Be Delighted

"Oh my my my my, what an eager little mind!"

Auntie Mame

Thursday, April 28, 2016

Cool

I love researching the meanings and origins of words, especially slang words and well known sayings or expressions. If someone remarks on the "dog days of summer" I want to know why they are called that. (hint: it's based on a star in the sky). If you're "throwing me some shade" then I have to know not only what it means but where it began. (aha, it originated in the 1980's LGBT drag culture, as a finely finessed insult, without being blatantly tacky). I can be snarky but throwing shade is a more subtle skill, somewhere above the level of an eye roll.
 In my many years of living through various forms of slang from "groovy" through "amazeballs" I AM actually amazed at the longevity of the word "Cool". Yes there have been variations from "Chill" to "Ice Cold" but "Cool" stays cool because it is the perfect word to define an elusive set of traits. People who are cool are effortless at what they do. If you try to be cool you are not cool, as any hipster or high school teacher will find out. Cool means being perfectly comfortable in your own skin, not easily affected or swayed by the opinions of others, not faddish but eternally in style, poised, self aware, and yet not taking yourself too seriously. It is effortless and unashamed, mysterious and yet accessible, different, sometimes strange, but not to the point of being bizarre or uncomfortably weird. Cool is outside the mainstream, but not too far out.

Shakespeare even described a character as cool, but the modern use came into being in the 1930's in African American culture and specifically the jazz music scene. Black musicians, like Duke Ellington, were the first cool people. In the Forties it migrated into the Beat culture, and into literature like Jack Kerouac's characters in On the Road. Film Noir had a lot of cool actors, from Bogey and Bacall to Alan Ladd and Robert Mitchum. Rock and Roll had loads of cool in the Fifties. Elvis was an example of someone who started out cool but had a hard time keeping it when fame overwhelmed him. John Lennon was the cool Beatle, Jimi Hendrix was definitely cool. (Disco was not cool. It just wasn't. It was fun, but not cool).

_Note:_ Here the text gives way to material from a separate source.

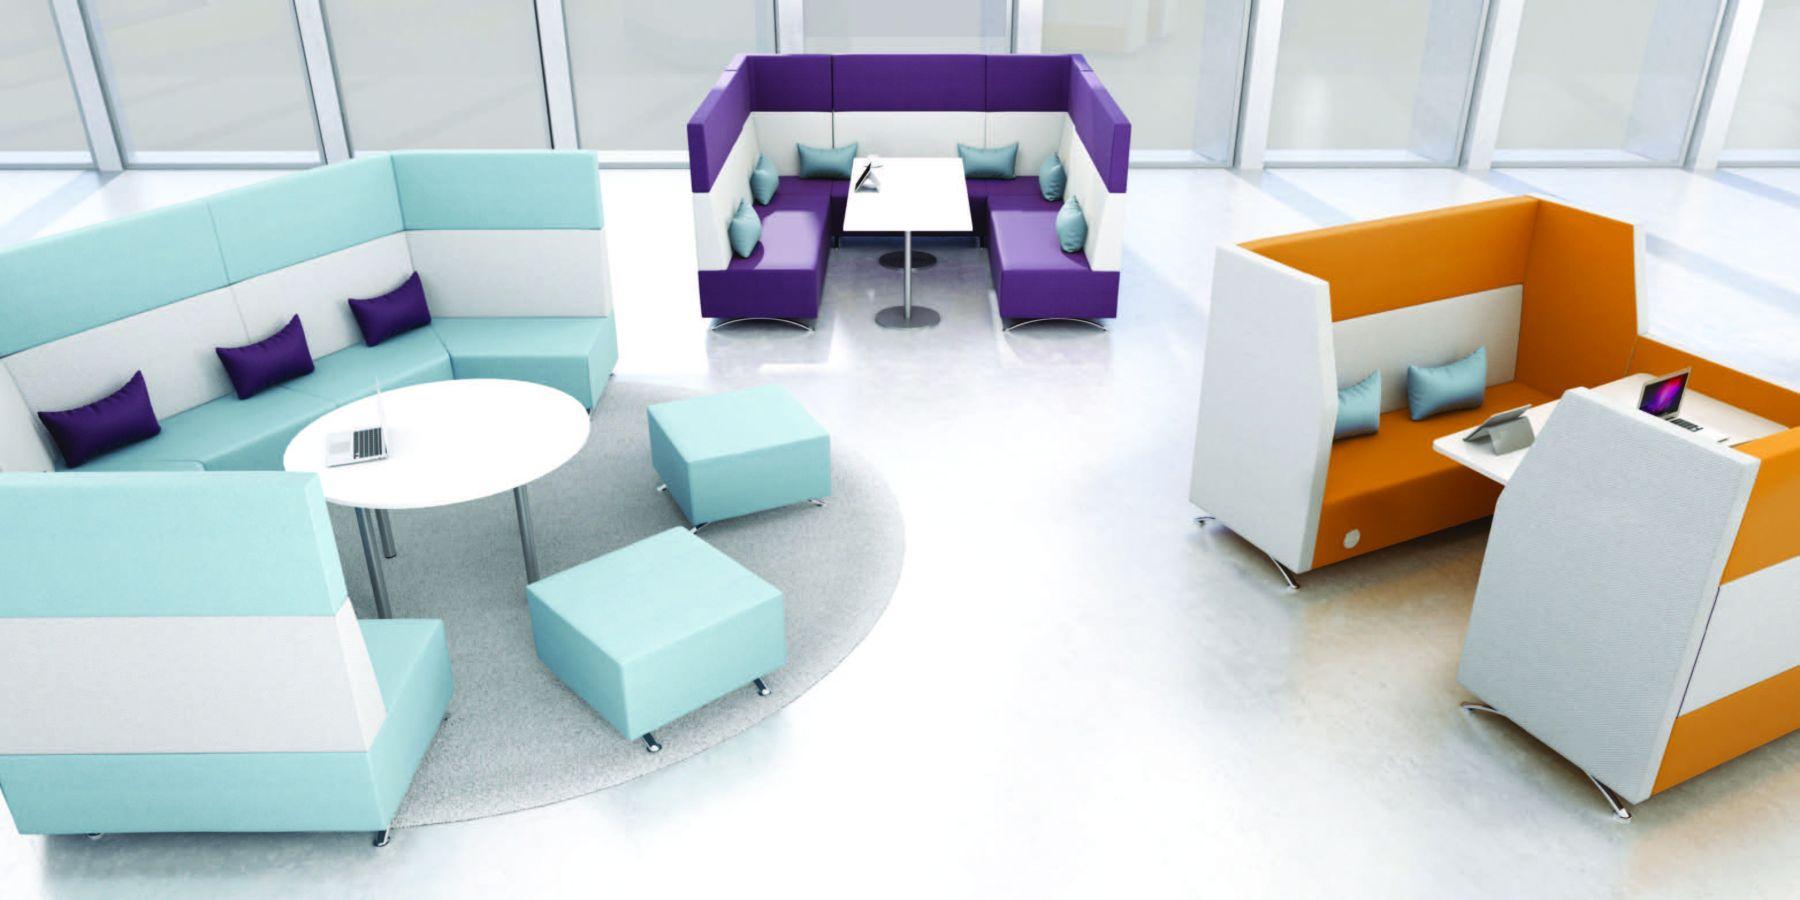 purple, orange, teal seating area healthcare sector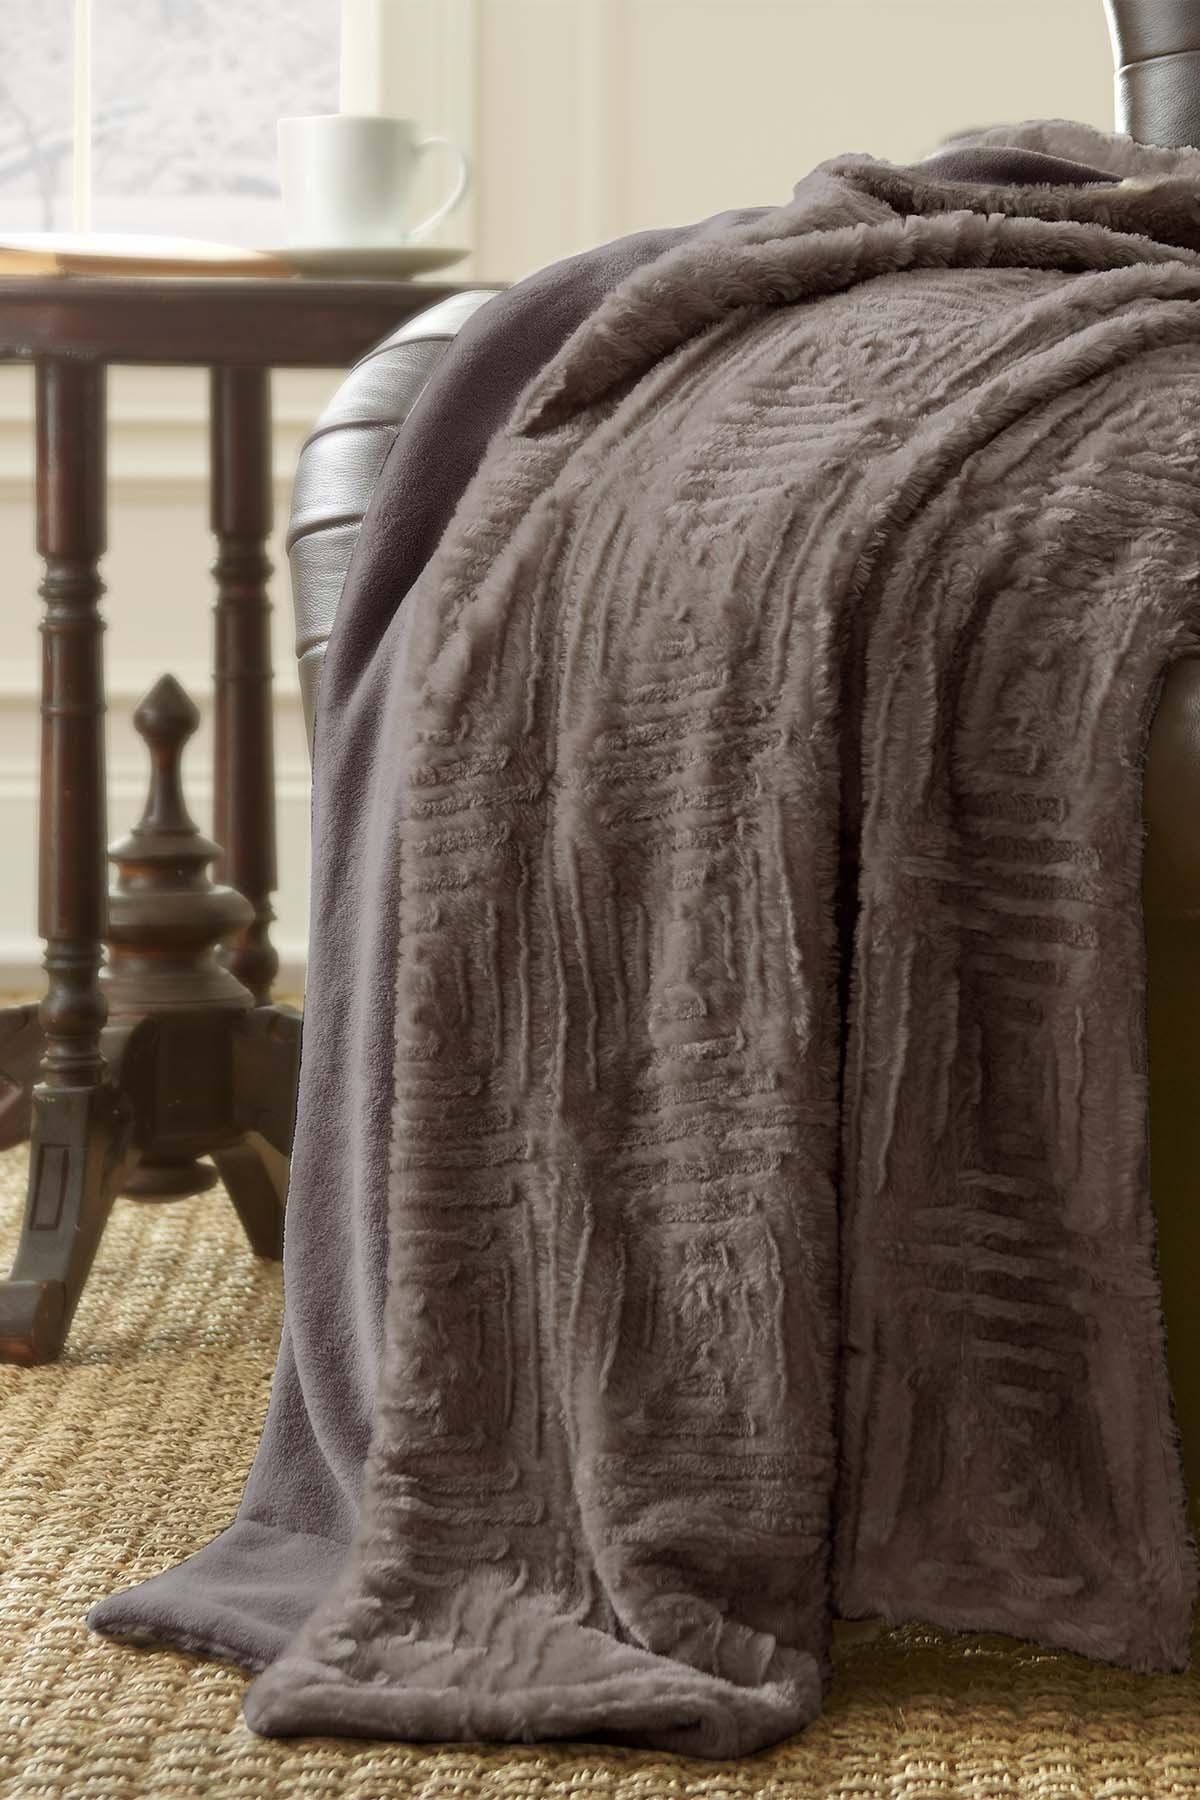 Modern Threads Luxury Faux Fur Throw - Dark Gray at Nordstrom Rack

 There's nothing wrong with not being cool. Some people are too brimming with emotion and passion to be actually cool, which usually requires a certain contained reserve. Janis Joplin was not cool but she was definitely a red hot ball of messy energy. Even I know I'm not cool. I just admire cool. So in that vein, after all that build up, here are my top five cool people of this year. May they always keep the faith.

#1 Prince


Prince was like a magic unicorn who existed in his own realm. (And I hate referring to him in the past tense.) With his passing everyone had a Prince story, from the pancakes and basketball, to killer ping pong matches, to acts of overwhelming generosity. He was the person who wandered into someone's concert, blew everyone away with a guitar solo, then just wandered off again into the ether. The opposite of every overexposed pop star, he was only occasionally sighted then retreated again to write another thousand songs. There was just something preternaturally calm and poised about the guy, even when an amused smirk played on his lips. Even performing in a downpour at the Superbowl it seemed as if the rain was deliberately avoiding him so as not to mess up his hair and outfit. Sure, some of his persona was smoke and mirrors, but there was also that core of authenticity, not to mention undeniable talent, that kept him so endlessly fascinating.

David Bowie:


Bowie is like the white version of Prince, that same quirky uniqueness, that same somewhat remote persona, and buckets of talent. If anything, Bowie was more detached than Prince, hiding behind a series of created characters that kept him always interesting, always evolving. He could blend into the pop culture scene, as he did in the Eighties, or remain on its' fringes, often being frustratingly obscure. In an age where everyone overshares on the internet, and gives away part of themselves and their private lives to strangers in an attempt to be "liked, the truly cool ones, like Prince and Bowie, keep that core of themselves away from the public eye.

Helen Mirren:
Helen Mirren makes being an older woman sexy, fun, stylish, and sassy. She continues to act in parts well outside the range offered for a woman in her Sixties. (Assassins! Queens!) And as a woman in my Sixties, I look to her as a role model. She is unadulterated in her appearance, showing her wrinkles, her generous nose, her small curvaceous body, without feeling the need for plastic surgery or photoshopping. She's blunt, smart, and funny, cool in a warm, feminine way.

President Barack Obama:

Even if you don't like Barack Obama, he is that rarest of animals, the cool politician. You only have to view the current selection of candidates to observe what is NOT cool. The closest any of them come to cool is Bernie Sanders, just because he's got the whole crumpled clothes, crazy hair, traveling coach thing down. But he tends to be a bit too stern and humourless for real cool. Obama has the dry wit, the unruffled exterior, and the subtle snark (a shade throwing President!) that cause many to view him as distant and detached, when in fact he is caring and personable. Cool people, again, don't wear their hearts on their sleeves, and they don't let their emotions get in the way of being calm, decisive, and rational. Probably the last cool President we had was John F. Kennedy. Jimmy Carter was not a cool President but now he is a cool ex-President, quietly fighting cancer, building homes for needy people, and showing the world what a real Christian is supposed to be. Sometimes coolness has the warmest of hearts. ( I will also argue that Jesus was cool but that's a longer discussion)

Emma Watson:


It's rare for someone this young to be cool, as they are usually struggling to find their identity and voice, and worrying about image, popularity, and being loved, but little Hermione has grown up to be an elegant young woman, a U.N. ambassador, and an eloquent spokesperson for the rights of girls and women everywhere. She is a voice for modern Feminism and has stepped into that role fearlessly and calmly. I would also place Malala Yousafsai in this category.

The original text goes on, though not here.